6  Exploring the OMOP CDM

For this chapter, lets again use the synthetic Covid-19 dataset.

library(DBI)
library(dbplyr)
library(dplyr)
library(here)
library(CDMConnector)
library(ggplot2)
library(clock)
db<-dbConnect(duckdb::duckdb(), 
              dbdir = eunomiaDir(datasetName = "synthea-covid19-10k"))
cdm <- cdmFromCon(db, cdmSchema = "main", writeSchema = "main")
Note: method with signature 'DBIConnection#Id' chosen for function 'dbExistsTable',
 target signature 'duckdb_connection#Id'.
 "duckdb_connection#ANY" would also be valid
cdm
── # OMOP CDM reference (duckdb) of Synthea ────────────────────────────────────
• omop tables: person, observation_period, visit_occurrence, visit_detail,
condition_occurrence, drug_exposure, procedure_occurrence, device_exposure,
measurement, observation, death, note, note_nlp, specimen, fact_relationship,
location, care_site, provider, payer_plan_period, cost, drug_era, dose_era,
condition_era, metadata, cdm_source, concept, vocabulary, domain,
concept_class, concept_relationship, relationship, concept_synonym,
concept_ancestor, source_to_concept_map, drug_strength, cohort_definition,
attribute_definition
• cohort tables: -
• achilles tables: -
• other tables: -

6.1 Counting people

The OMOP CDM is person-centric, with the person table containing records to uniquely identify each person in the database. As each row refers to a unique person, we can quickly get a count of the number of individuals in the database like so

cdm$person |> 
  count()
# Source:   SQL [?? x 1]
# Database: DuckDB v1.1.3 [eburn@Windows 10 x64:R 4.4.0/C:\Users\eburn\AppData\Local\Temp\Rtmpiqb7TG\file5da426d6ca7.duckdb]
      n
  <dbl>
1 10754

The person table also contains some demographic information, including a gender concept for each person. We can get a count grouped by this variable, but as this uses a concept we’ll also need to join to the concept table to get the corresponding concept name for each concept id.

cdm$person |> 
  group_by(gender_concept_id) |> 
  count() |> 
  left_join(cdm$concept, 
            by=c("gender_concept_id" = "concept_id")) |> 
              select("gender_concept_id", "concept_name", "n") |> 
  collect()
# A tibble: 2 × 3
# Groups:   gender_concept_id [2]
  gender_concept_id concept_name     n
              <int> <chr>        <dbl>
1              8532 FEMALE        5165
2              8507 MALE          5589

The observation period table contains records indicating spans of time over which clinical events can be reliably observed for the people in the person table. Someone can potentially have multiple observation periods. So say we wanted a count of people grouped by the year during which their first observation period started.
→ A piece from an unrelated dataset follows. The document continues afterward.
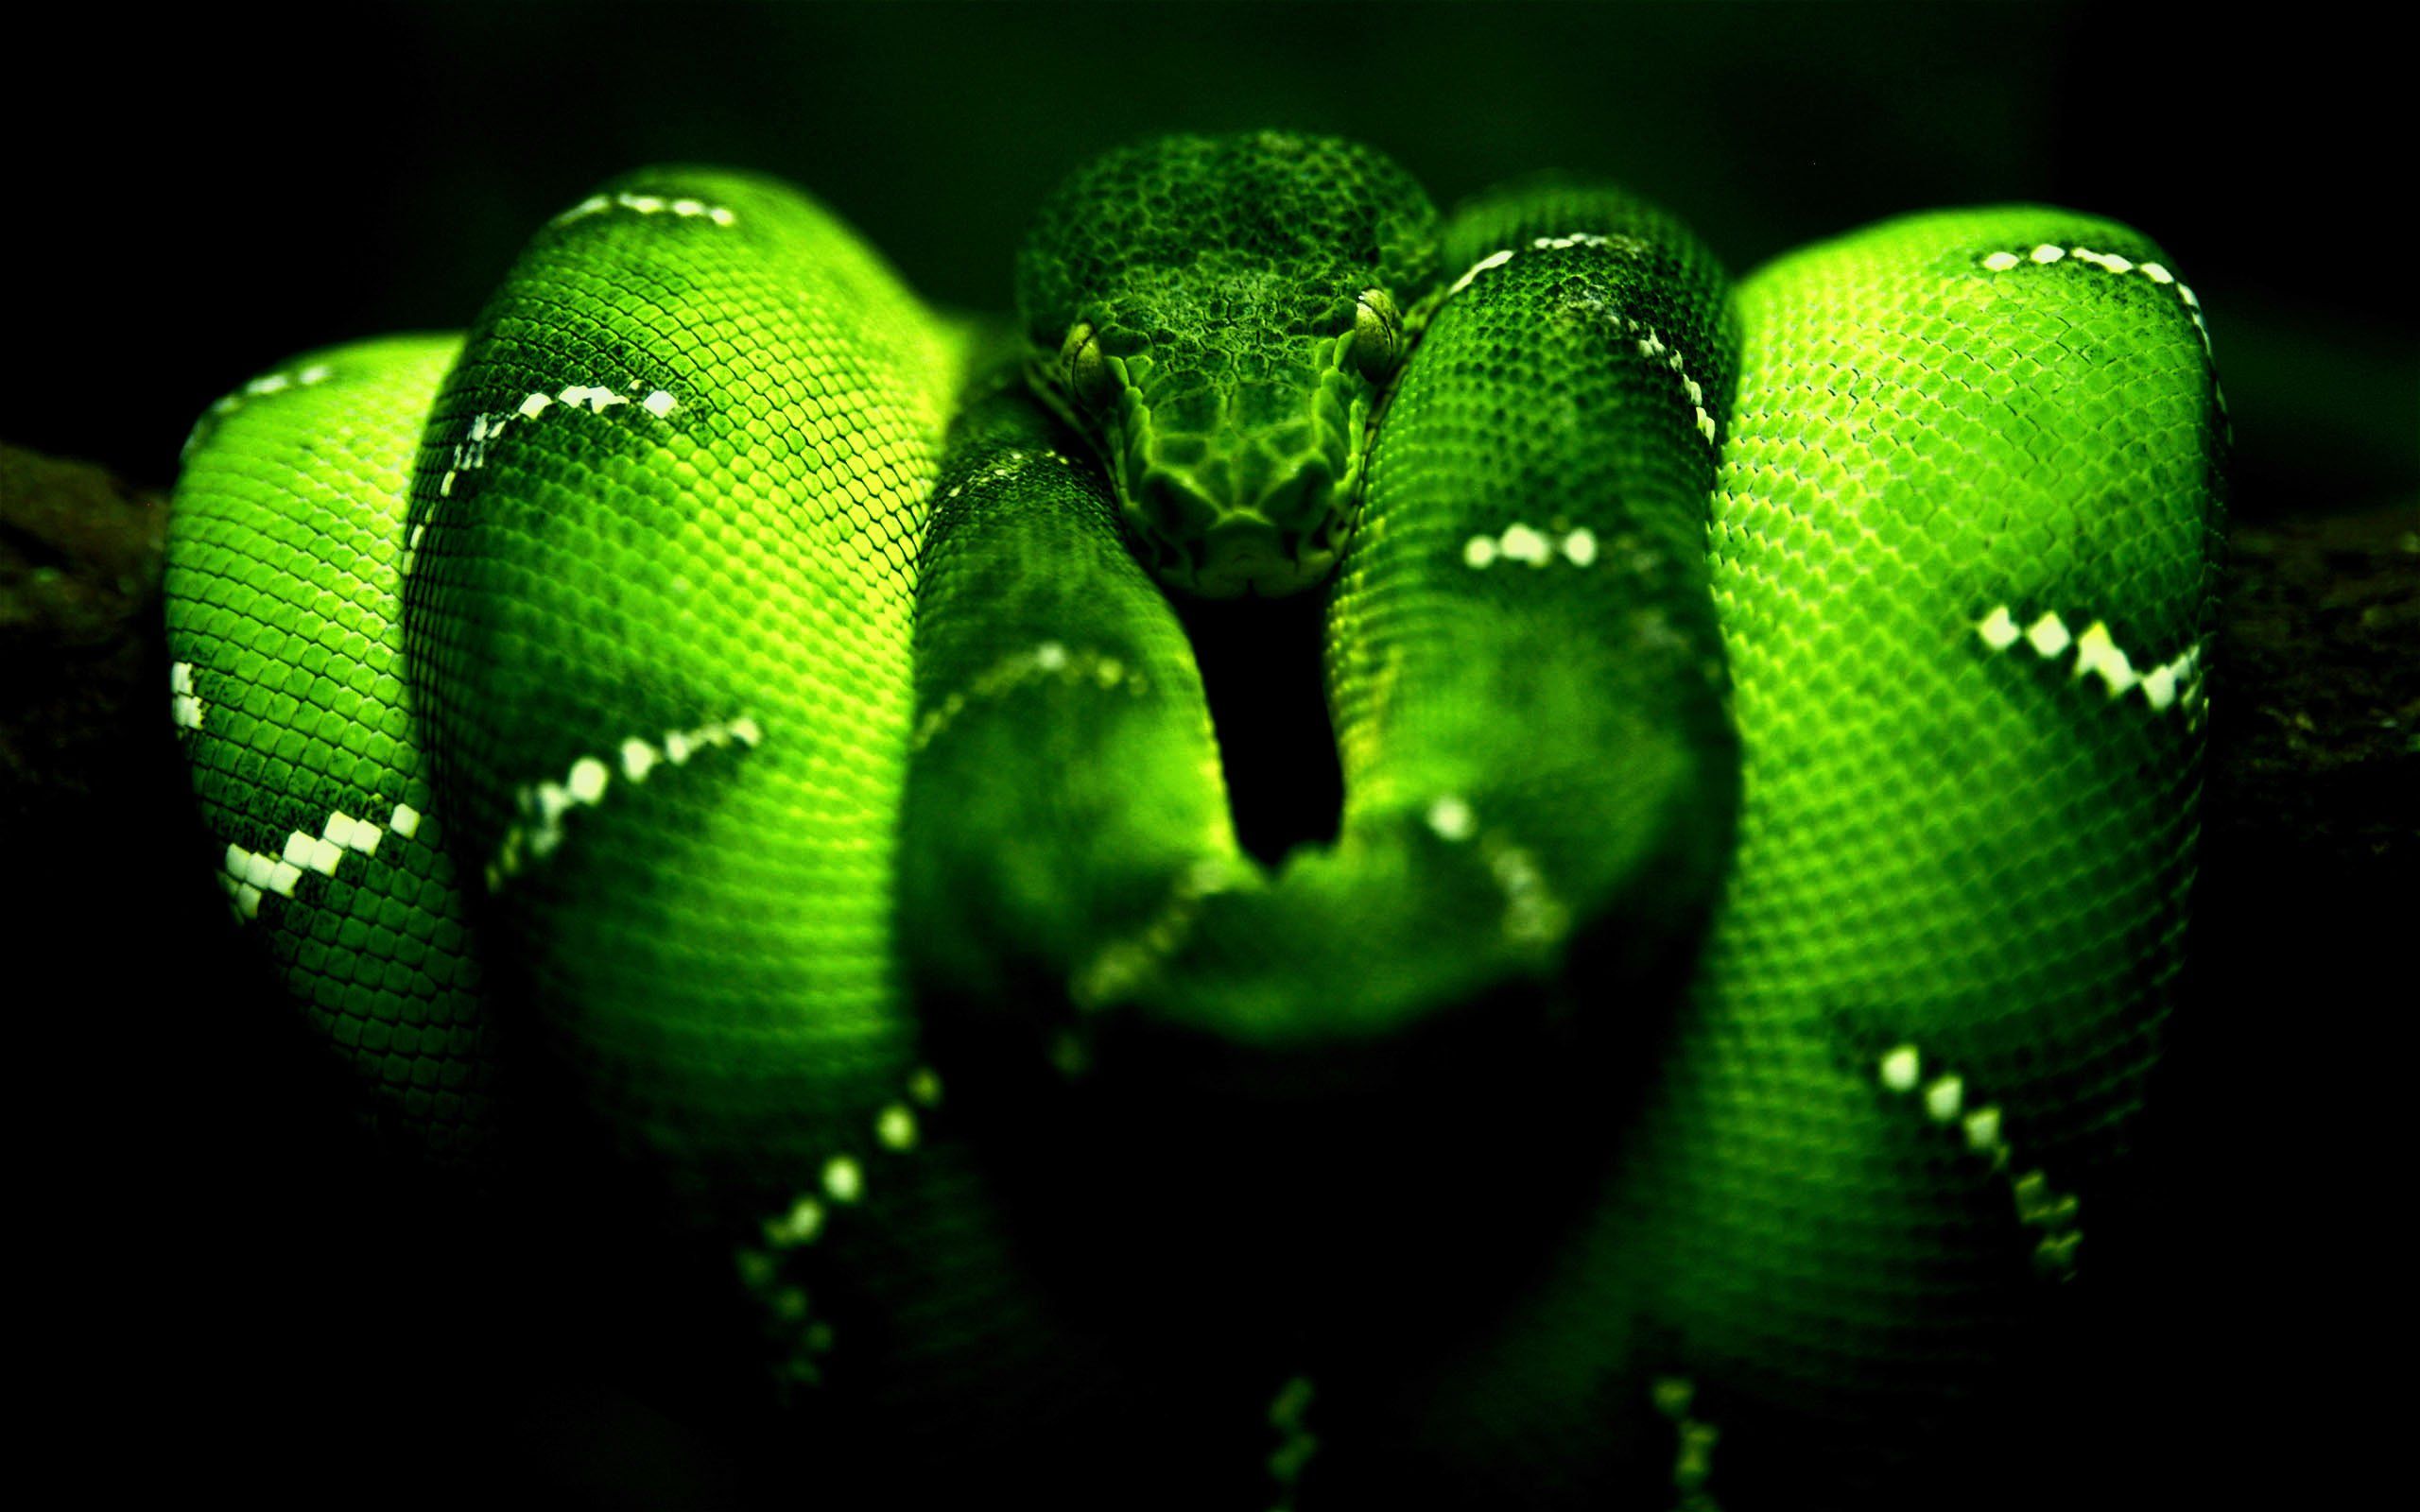 A green snake on the branch of tree - Snake

We could do this like so:

first_observation_period <- cdm$observation_period |>
    group_by(person_id) |> 
    filter(row_number() == 1) |> 
    compute()

cdm$person |> 
  left_join(first_observation_period,
            by = "person_id") |> 
  mutate(observation_period_start_year = get_year(observation_period_start_date)) |> 
  group_by(observation_period_start_year) |> 
  count() |> 
  collect() |> 
  ggplot() +
  geom_col(aes(observation_period_start_year, n)) +
  theme_bw()

The compute() function will force the computation of a query (by default to a temporary table in the database). In the example above we use it to split up two queries; the first to keep the first observation period record for each individual.

cdm$observation_period |>
    group_by(person_id) |> 
    filter(row_number() == 1) |> 
    show_query()
<SQL>
SELECT
  observation_period_id,
  person_id,
  observation_period_start_date,
  observation_period_end_date,
  period_type_concept_id
FROM (
  SELECT
    observation_period.*,
    ROW_NUMBER() OVER (PARTITION BY person_id) AS col01
  FROM main.observation_period
) q01
WHERE (col01 = 1.0)

Followed by a second query that left joins the person table with the result from the first (which is now in a temporary table), followed by extracted the year in which peoples first observation period starts and then, finally, a count by year.

cdm$person |> 
  left_join(first_observation_period,
            by = "person_id") |> 
  mutate(observation_period_start_year=year(observation_period_start_date)) |> 
  group_by(observation_period_start_year) |> 
  count() |> 
  show_query()
<SQL>
SELECT observation_period_start_year, COUNT(*) AS n
FROM (
  SELECT
    q01.*,
    EXTRACT(year FROM observation_period_start_date) AS observation_period_start_year
  FROM (
    SELECT
      person.*,
      observation_period_id,
      observation_period_start_date,
      observation_period_end_date,
      period_type_concept_id
    FROM main.person
    LEFT JOIN og_001_1735312061
      ON (person.person_id = og_001_1735312061.person_id)
  ) q01
) q01
GROUP BY observation_period_start_year

We could, however, have done this without compute, with instead the SQL being done all at once.

cdm$person |> 
  left_join(cdm$observation_period |>
    group_by(person_id) |> 
    filter(row_number() == 1),
            by = "person_id") |> 
  mutate(observation_period_start_year=year(observation_period_start_date)) |> 
  group_by(observation_period_start_year) |> 
  count() |> 
  show_query()
<SQL>
SELECT observation_period_start_year, COUNT(*) AS n
FROM (
  SELECT
    q01.*,
    EXTRACT(year FROM observation_period_start_date) AS observation_period_start_year
  FROM (
    SELECT
      person.*,
      observation_period_id,
      observation_period_start_date,
      observation_period_end_date,
      period_type_concept_id
    FROM main.person
    LEFT JOIN (
      SELECT
        observation_period_id,
        person_id,
        observation_period_start_date,
        observation_period_end_date,
        period_type_concept_id
      FROM (
        SELECT
          observation_period.*,
          ROW_NUMBER() OVER (PARTITION BY person_id) AS col01
        FROM main.observation_period
      ) q01
      WHERE (col01 = 1.0)
    ) RHS
      ON (person.person_id = RHS.person_id)
  ) q01
) q01
GROUP BY observation_period_start_year

In this case the SQL is not much more complicated than before. However, you can imagine that without using computation to intermediate tables, the SQL associated with a series of data manipulations could quickly become unmanageable. Although we don’t want to overuse computation of intermediate queries, it is often a necessity when writing study analysis scripts.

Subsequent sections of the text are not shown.